Multi objective optimization
In multi-objective optimization or Pareto optimization, there is no longer only one objective function that needs to be optimized, but several objectives must be considered simultaneously. Since the different goals are usually opposite, there is also no optimal point as a solution. The result is now a solution set. It is defined by the fact that at each point in this set, one objective function can only be improved by worsening another. According to its founder Vilfredo Pareto (1848-1923), this separation of inefficient and unworkable solutions is called the Pareto front or the Pareto border.

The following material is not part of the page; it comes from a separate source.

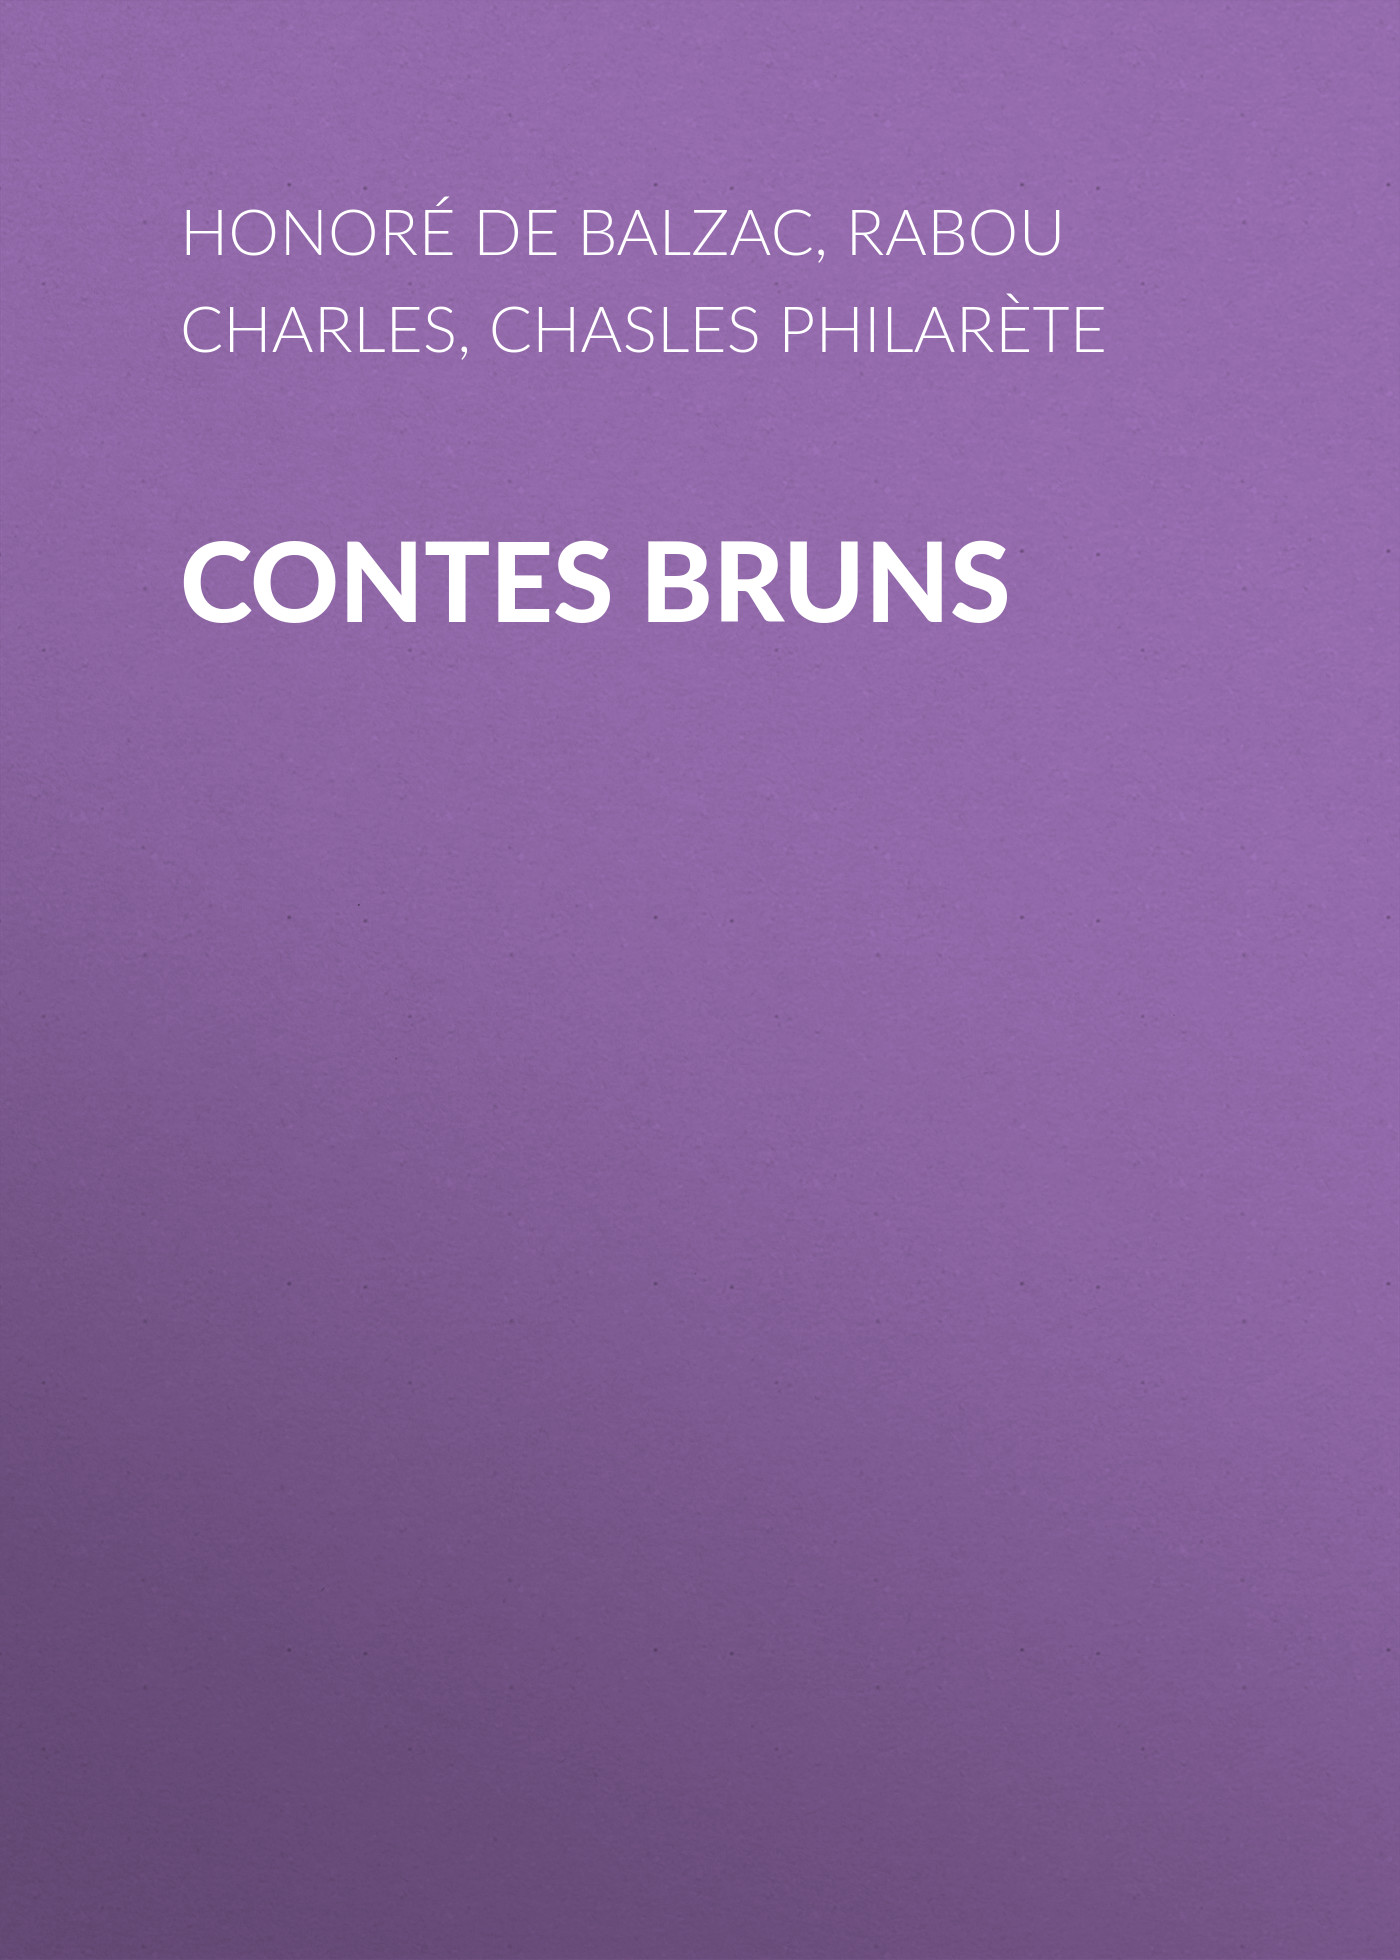 Книга Contes bruns из серии , созданная Honoré Balzac, Philarète Chasles, Charles Rabou, может относится к жанру Литература 19 века, Зарубежная старинная литература, Зарубежная классика. Стоимость электронной книги Contes bruns с идентификатором 25021203 составляет 0 руб.

Of course, it would be ideal to investigate the entire Pareto front. However, since this can be very time-consuming, it is common practice to combine the individual goals of interest into a single common goal function using weighting factors. Thus, there is again only one goal that can be determined with the known optimization methods. The solution found in this way corresponds to a point on the Pareto front. The choice of weighting factors, however, is inherent in a certain subjectivity, which provides a correspondingly arbitrary result. It could be that a slight variation of the factors leads to a significant improvement of one target value, while the other deteriorates only marginally. This can be countered by carrying out the optimization with different weighting factors. This gives you several points on the Pareto front and you can evaluate their shape and progression.
A similar point cloud on or near the Pareto front is also obtained by an evolutionary algorithm. Since this method is used to search the entire design space globally, the cloud of individuals moves from generation to generation towards the Pareto front. The more the algorithm converges, one measure of this is the fitness of the entire generation, the closer the points are to the Pareto front.